Optional build-time settings:
| Config Option | Default | Description |
|---|---|---|
CONFIG_KFENCE |
n | Enable KFENCE |
CONFIG_KFENCE_SAMPLE_INTERVAL |
100 | Default sampling interval in milliseconds |
CONFIG_KFENCE_NUM_OBJECTS |
255 | Number of objects in the KFENCE pool |
CONFIG_KFENCE_STRESS_TEST_FAULTS |
0 | Inject faults for testing KFENCE itself |
Runtime Tuning
The sampling interval can be adjusted at runtime without rebooting:
# Check current sampling interval (milliseconds)
cat /sys/module/kfence/parameters/sample_interval
# Increase interval (less overhead, fewer catches)
echo 500 > /sys/module/kfence/parameters/sample_interval
# Decrease interval (more overhead, more catches)
echo 50 > /sys/module/kfence/parameters/sample_interval
# Disable KFENCE at runtime
echo 0 > /sys/module/kfence/parameters/sample_interval
Boot Parameters
You can also set the interval at boot:
Performance Characteristics
Why It Is Safe for Production
KFENCE was designed from the ground up for production use:
Near-zero fast-path overhead: The sampling check uses a static branch that compiles to a NOP instruction. On x86, this means zero additional instructions in the allocation fast path when KFENCE is not sampling (which is >99.99% of the time).
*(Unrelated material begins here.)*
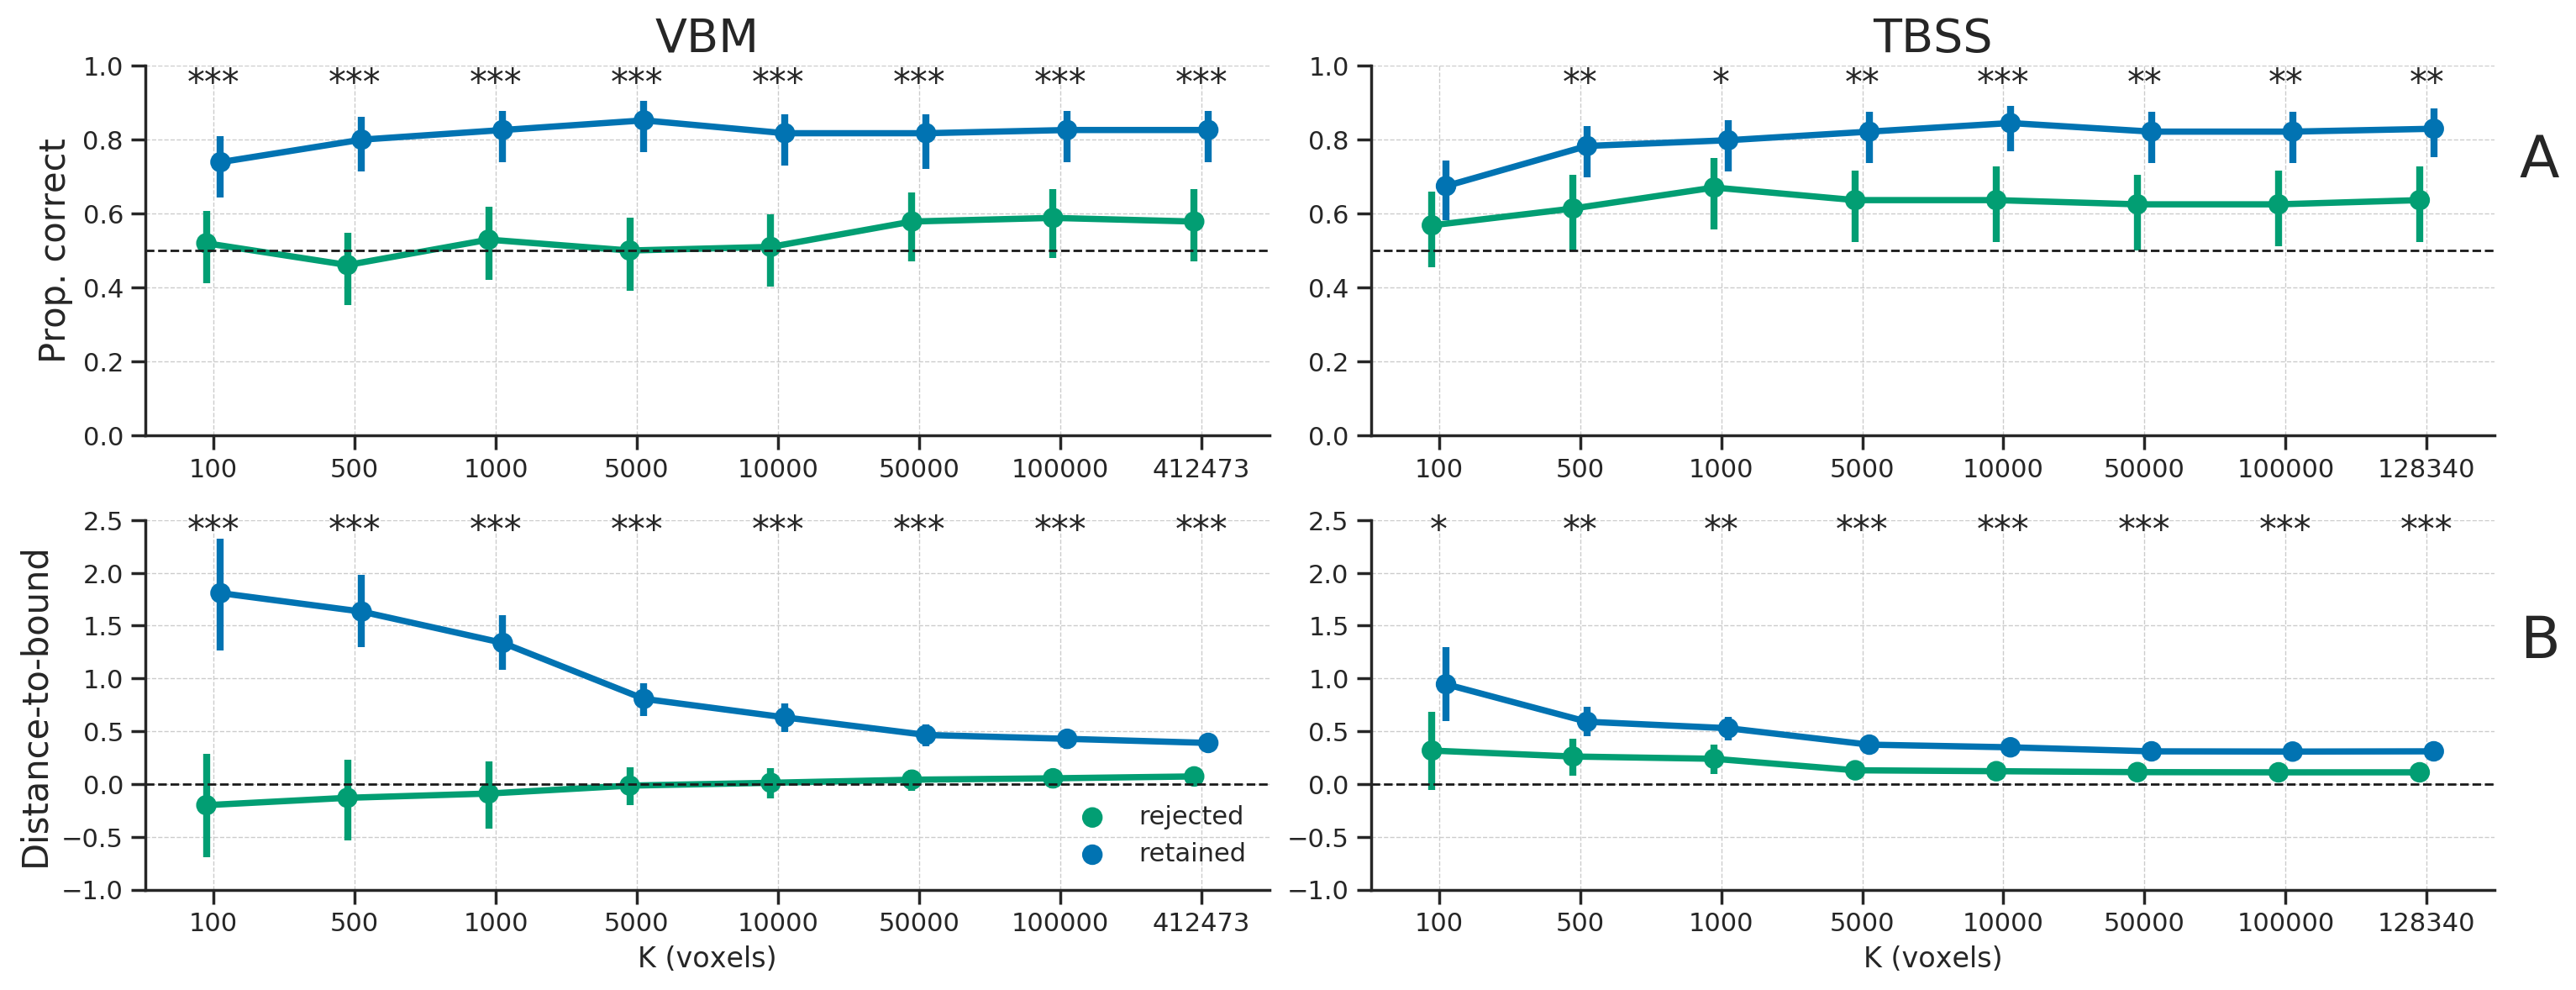 A) The proportion of samples classified correctly, separately for the “retained” samples (blue line) and “rejected” samples (green line); the dashed line represents chance level (0.5). B) The average distance to the classification boundary for the retained and rejected samples; the dashed line represents the decision boundary, with values below the line representing samples on the “wrong” side of the boundary (and vice versa). Asterisks indicates a significant difference between the retained and rejected samples: *** = \(p < 0.001\), ** = \(p < 0.01\), * = \(p < 0.05\).

Fixed memory cost: The KFENCE pool is allocated at boot and has a fixed size. With the default 255 objects, the pool is (255 + 1) * 2 = 512 pages (~2MB), interleaving object slots with guard pages. This does not grow.
No compiler instrumentation: Unlike KASAN, KFENCE does not require compiler support or code changes. It works with any compiler and does not increase code size.
No shadow memory: KASAN requires shadow memory proportional to total system memory (typically 1/8th of RAM). KFENCE uses only its fixed pool regardless of system memory size.
| Metric | KASAN (generic) | KFENCE |
|---|---|---|
| CPU overhead | High (see KASAN docs) | Near-zero (see KFENCE docs) |
| Memory overhead | ~12.5% of RAM | ~2MB fixed |
| Code size increase | Significant | None |
| Production safe | No | Yes |
The Trade-off
The cost of low overhead is probabilistic detection. KFENCE will not catch every bug immediately. A bug must hit a KFENCE-protected allocation to be detected. Detection time depends on the bug's frequency and the sampling interval — high-frequency bugs are caught faster, while rare bugs require more time.
Try It Yourself
Check if KFENCE Is Enabled
# Check kernel config
zcat /proc/config.gz 2>/dev/null | grep KFENCE || grep KFENCE /boot/config-$(uname -r)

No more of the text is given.